Молчун, уже косой, сомлевший, тяжкий, вдруг страшно разорался, всплыл, как бочка, и ошалел от шаткой пантомимы... Он, впрочем, помнил: что-то о цыплятах, о верности и, кажется, о страсти... Пнул амфору, стоявшую у ног. Она разбилась, сразу завоняло... Вокруг кружились головы и руки...

Потом Молчун затих и долго ныл, опять усевшись - утонув в коробке... А Ордоновский, зыбкий, многоликий, всё пятился к двери, такой далёкой, бубнил, свои ладони убеждая: "По крайней мере, мы с тобой не дрались..."


14

Как верно, понедельник день тяжёлый! (А воскресенья он вообще не помнил.) Трещала голова и ныло тело от тяжести костей, палящей жажды. Уже с утра ругался с кладовщицей, в обед его облаял матом мастер, потом он прищемил в воротах палец, и кровь угомониться не желала...
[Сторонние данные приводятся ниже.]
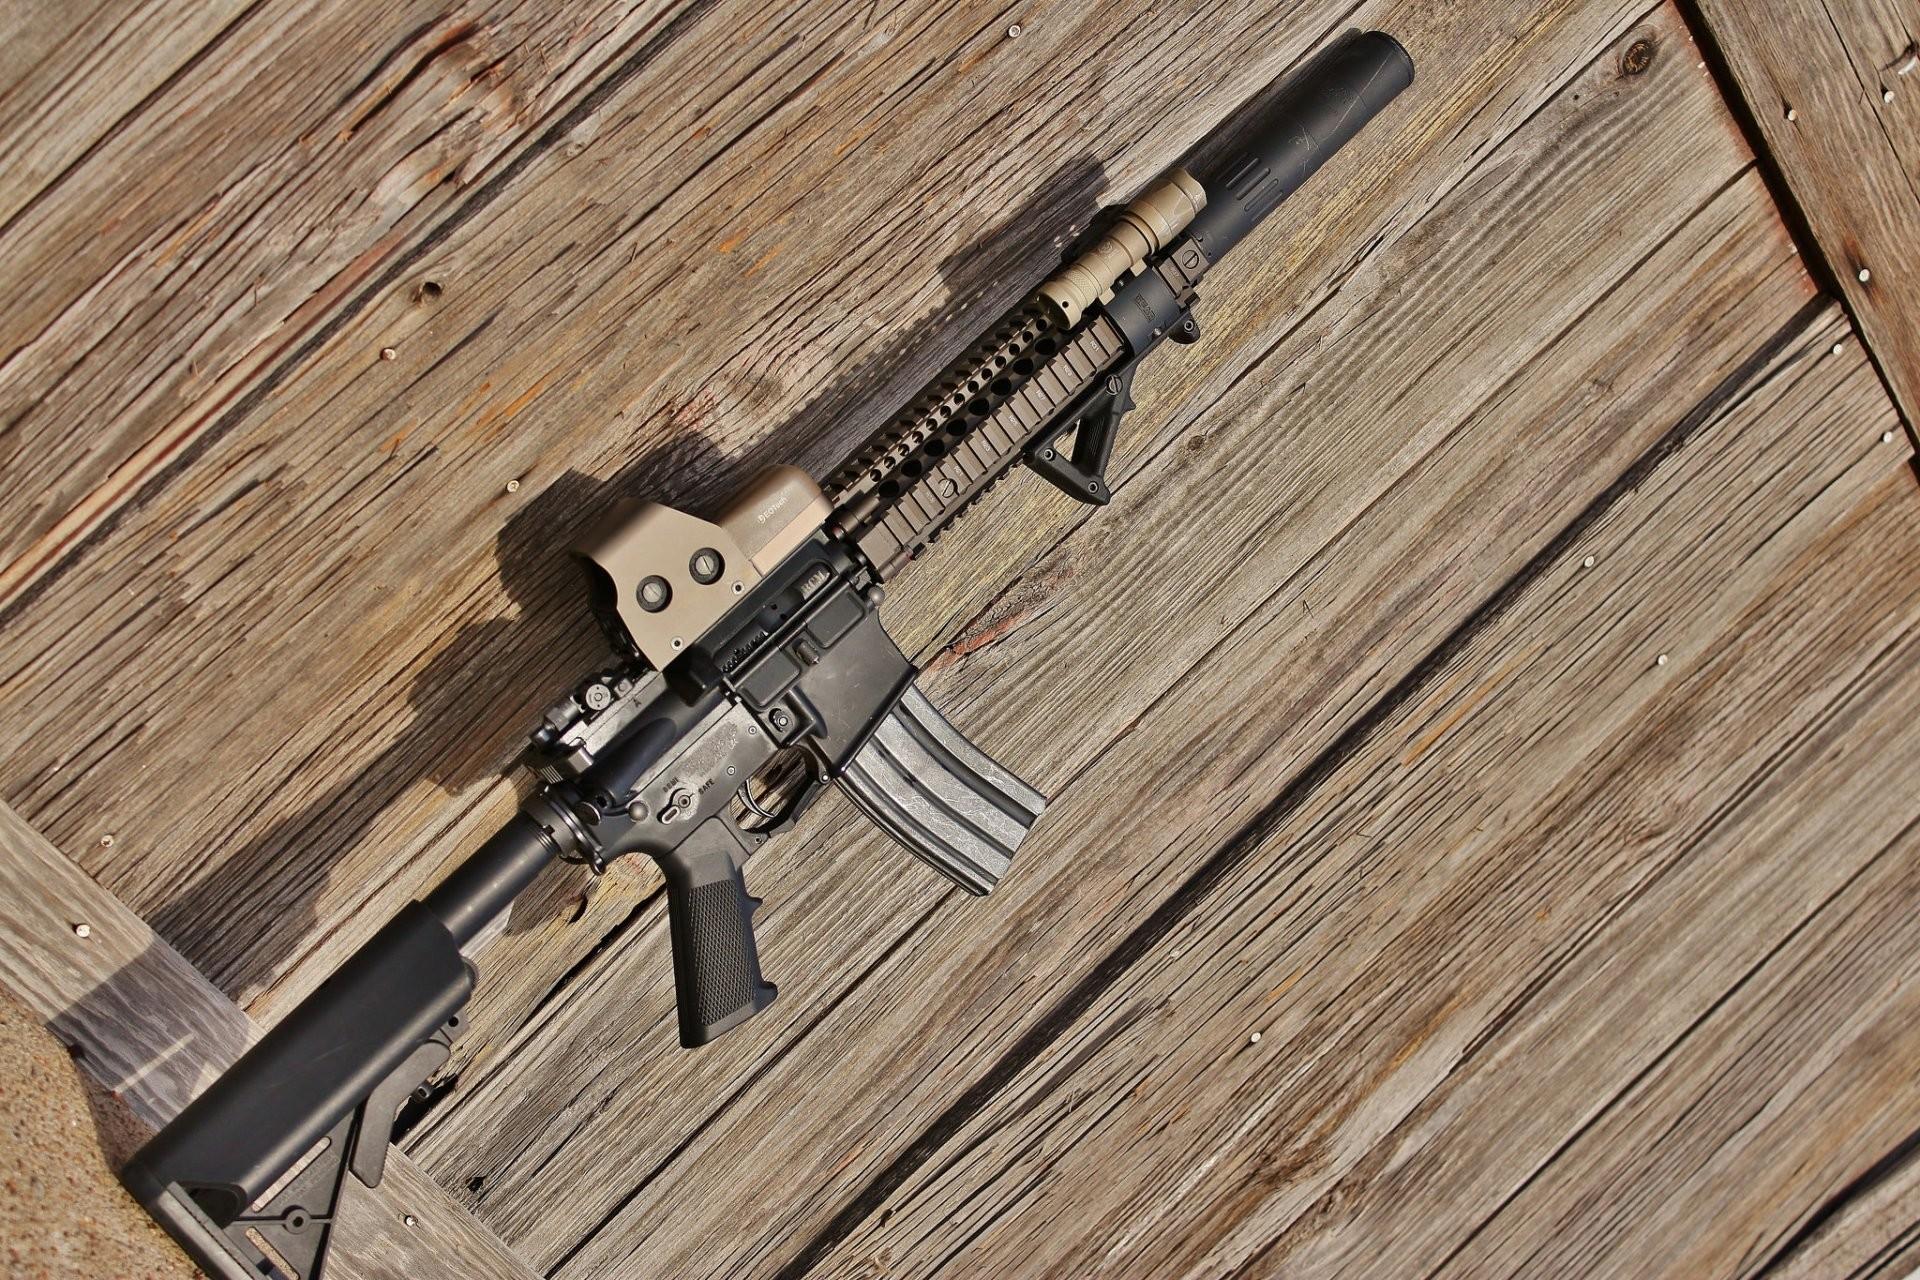 ar-15 bcm assault rifle assault rifle weapon

Плевалось небо, ливнем угрожая. В троллейбусе толкались, злобно, мрачно. Сырая духота, как в сельской бане. На остановке он не удержался, купил "Полёт". Но тут же затошнило. Отбросил пачку. Господи, домой!..

В экземах трещин кожа тротуара. Деревья парка (лёгкие планеты, коль болтуны журнальные не врут) оглоданы крупозной пневмонией. Кривляются изломанно и колко.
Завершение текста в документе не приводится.